If you needed major surgery to treat cancer, how would you decide where to have it?
The decision involves lots of factors, but studies conclude you should not go to a hospital that rarely performs the surgery because it could compromise your results, including your chance of survival.
To help cancer patients who need surgery, the Pennsylvania Health Care Cost Containment Council (PHC4) recently released its first-ever online list of hospital surgical volumes for 11 types of cancer: bladder, brain, breast, colon, esophagus, liver, lung, pancreas, prostate, rectum, and stomach. The volumes were compiled from hospital billing data for 2017.
"Reporting volume for these cancer surgeries is important because there is strong evidence that links hospital surgical volume and patient outcomes," said Joe Martin, executive director of PHC4, an independent state-funded organization. "It's another tool for cancer patients and their families to use when considering treatment options."
Some types of cancer, including gynecological and skin, are not included in the report because there is insufficient evidence that surgical volume makes a difference.
The PHC4 tool is modeled on the California Healthcare Foundation's 2015 report, Safety in Numbers: Cancer Surgeries in California Hospitals. The report acknowledged that questions remain about what is the lowest acceptable number of procedures a hospital should perform, but defined "low volume" as doing only one or two surgeries a year for a particular cancer.
Almost 75 percent of California hospitals — 249 out of 341 — performed a low volume of certain cancer surgeries. Low volumes correlated with higher surgery-related death rates, more post-operative complications, longer hospital stays, and for certain cancers, a higher chance of recurrence.
Why would cancer patients put faith in hospitals that lack strong surgical track records? Patients may be unaware that highly experienced medical teams are important for complicated procedures, or they may not want to travel long distances to a high-volume hospital.
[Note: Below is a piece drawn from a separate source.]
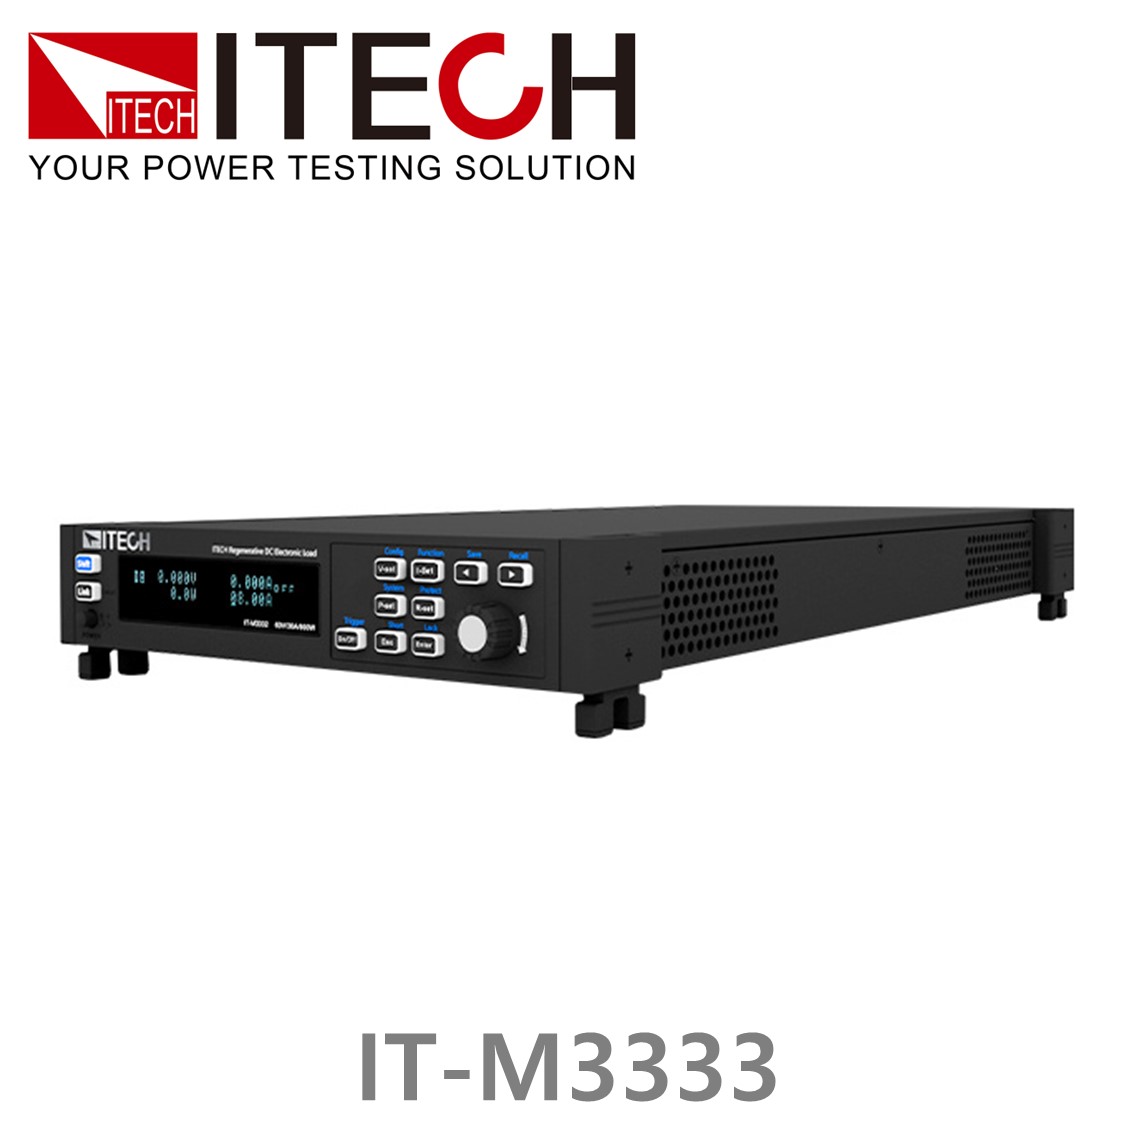 [ ITECH ] IT-M3333 DC전자부하기 (150V/12A/800W), DC전자로드
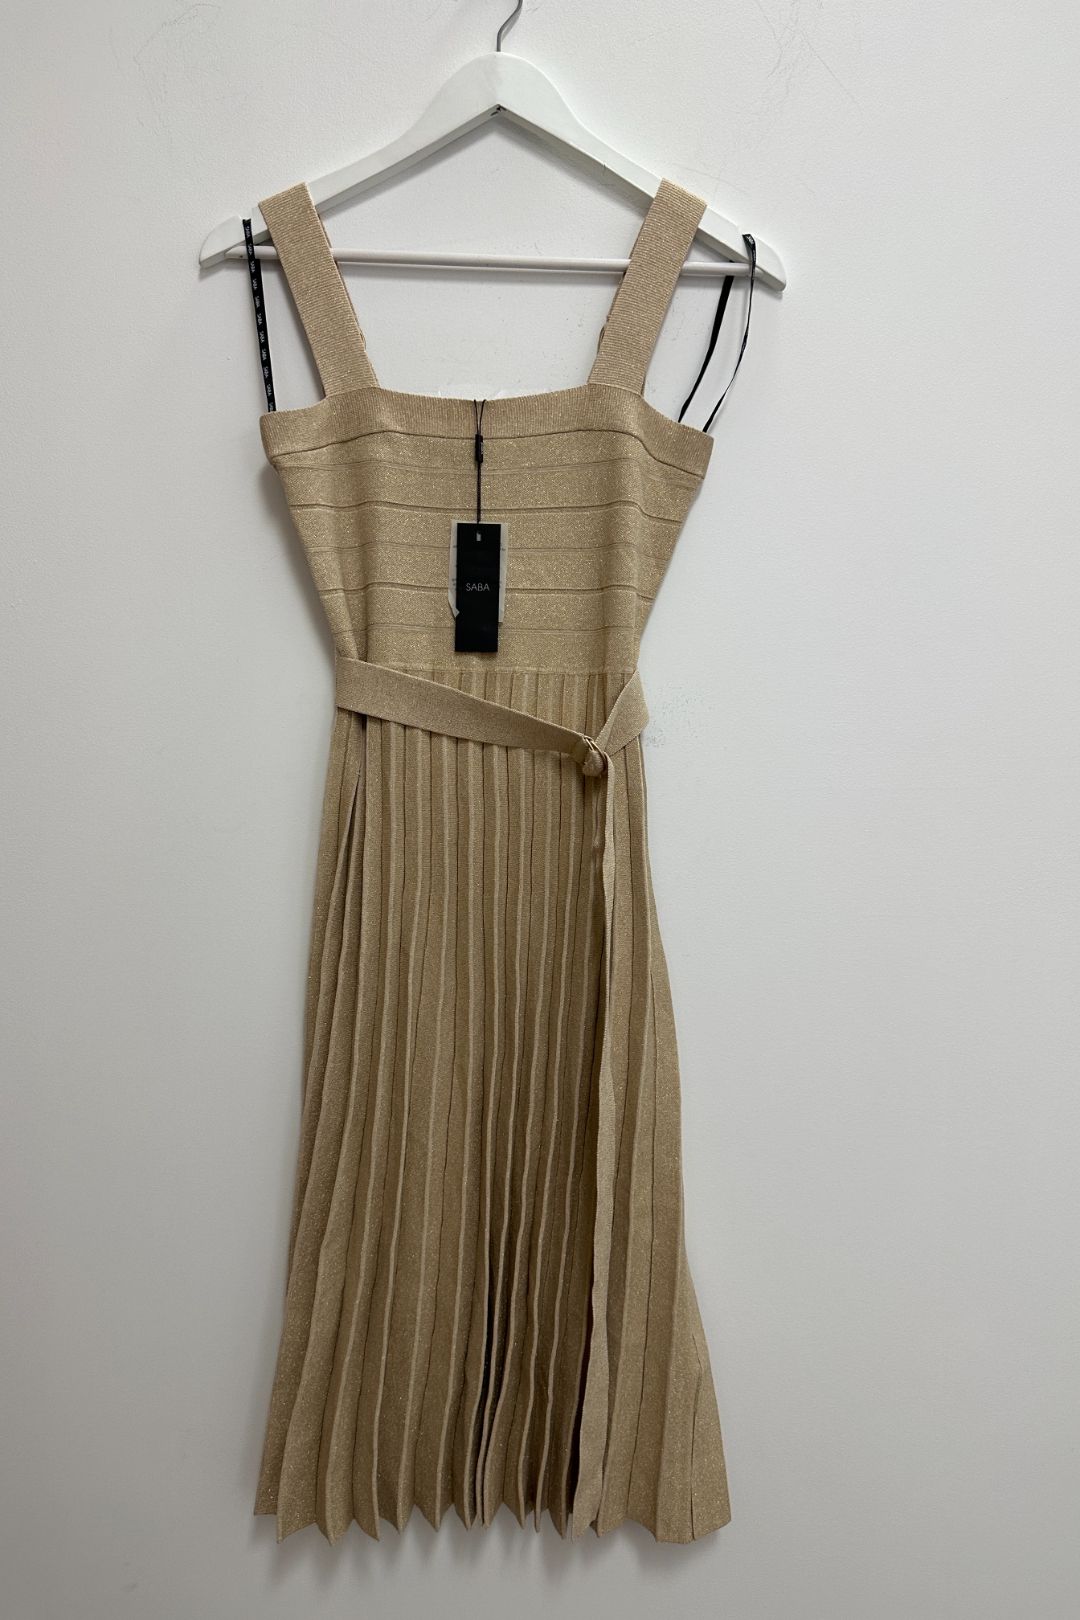 Saba Rina Metallic Gold Knit Dress

The California report, which interviewed hospital leaders, also found that low-volume hospitals may not refer patients to bigger centers, sometimes because of the financial loss, but also because losing business means surgeons may not be able "to maintain their skills and interest in serving rural communities."
To overcome such barriers, some places have set volume minimums for certain cancer surgeries. New York state has a minimum for Medicaid reimbursement for breast cancer surgeries. The University of Michigan Health System and Johns Hopkins Hospital in Baltimore require annual minimums for esophagus, lung, pancreas and rectal cancer operations.
The PHC4 report found the percentage of Keystone State hospitals with low volumes in 2017 — meaning they did only one or two surgeries — varied depending on the cancer. Breast cancer had the most surgeries statewide, with 11,856 procedures at 140 hospitals and outpatient centers; only 6.4 percent of these facilities had low volumes. At the other extreme, of the 54 hospitals that did 208 stomach cancer surgeries, 57 percent had low volumes.
For the six cancer types with the lowest statewide surgery totals — bladder, esophagus, liver, pancreas, rectum and stomach — more than a third of hospitals performed only one or two surgeries in 2017.
Martin noted that a hospital could have a mix of volumes, depending on the types of cancer, "so it's important to look at the full picture when considering options."
A mixed pattern is seen even in many hospitals in the densely populated five-county Southeastern Pennsylvania region. For example, Pennsylvania Hospital, which is part of the Penn Medicine system, did many prostate, colon and breast surgeries, but only one or two bladder and esophagus procedures. Pancreatic cancer surgery volume was low at many centers, including Temple University Hospital, Bryn Mawr Hospital, Grand View Hospital, and Delaware County Memorial Hospital.